В Одессу просился он уже не в первый раз, но Инзов не считал это удобным, во всяком случае пока нет из Петербурга ответа. Немудрено, что Пушкин скучал и время от времени устраивал себе развлечения. Такое очередное развлечение он позволил себе на одном из обедов у генерала Бологовского.
Генерал–майор Димитрий Николаевич Бологовский командовал второю бригадой дивизии, расположенной в Кишиневе. Он был лет на десять старше генерала Пущина, но по характеру своему казался моложе. Он любил выпить и поострить, про него ходило множество анекдотов, от которых он не особенно открещивался, а подвыпив, и сам любил кое–что о себе рассказать. Однако же всем было известно, что не следовало при нем и намекать на то, что он принимал участие в убийстве императора Павла. Он приподнял за волосы мертвую голову убитого и ударил ею о землю. «Вот тиран!» — сказал он и спокойно–брезгливо обтер об мундир свои пальцы. Ему было тогда всего лет двадцать пять, и хоть он и стоял в карауле в ту памятную ночь, одиннадцатого марта, но, наверное, был сильно выпивши — «для куражу».
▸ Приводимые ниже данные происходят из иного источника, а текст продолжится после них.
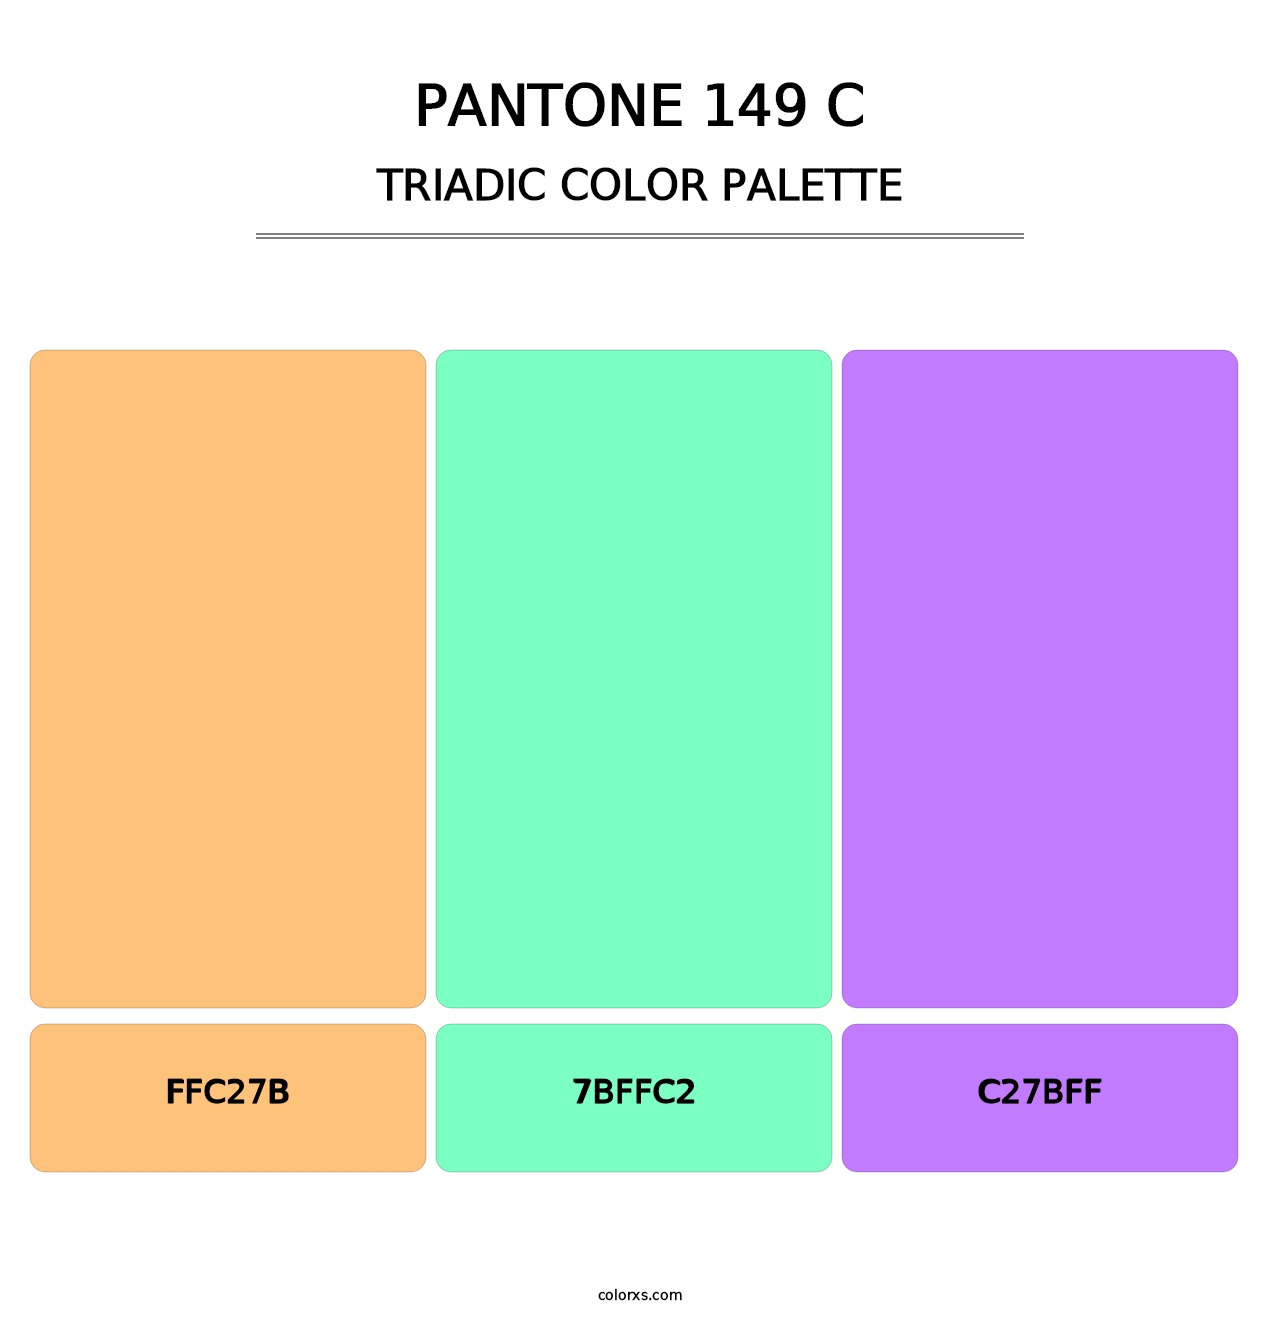 PANTONE 149 C - Triadic Color Palette

Пушкин обедал у него всегда по воскресеньям. В двадцать третьем году одиннадцатое марта пришлось как раз в воскресенье, и Александр вспомнил памятную для хозяина дома годовщину. Было, как и всегда у Бологовского, шумно и весело. Вина было много, и Пушкин ему отдал изрядную дань. Он сидел рядом с Алексеевым.
— А что, Николай Степанович, — сказал он негромко, — как весело наш генерал поминает императора Павла.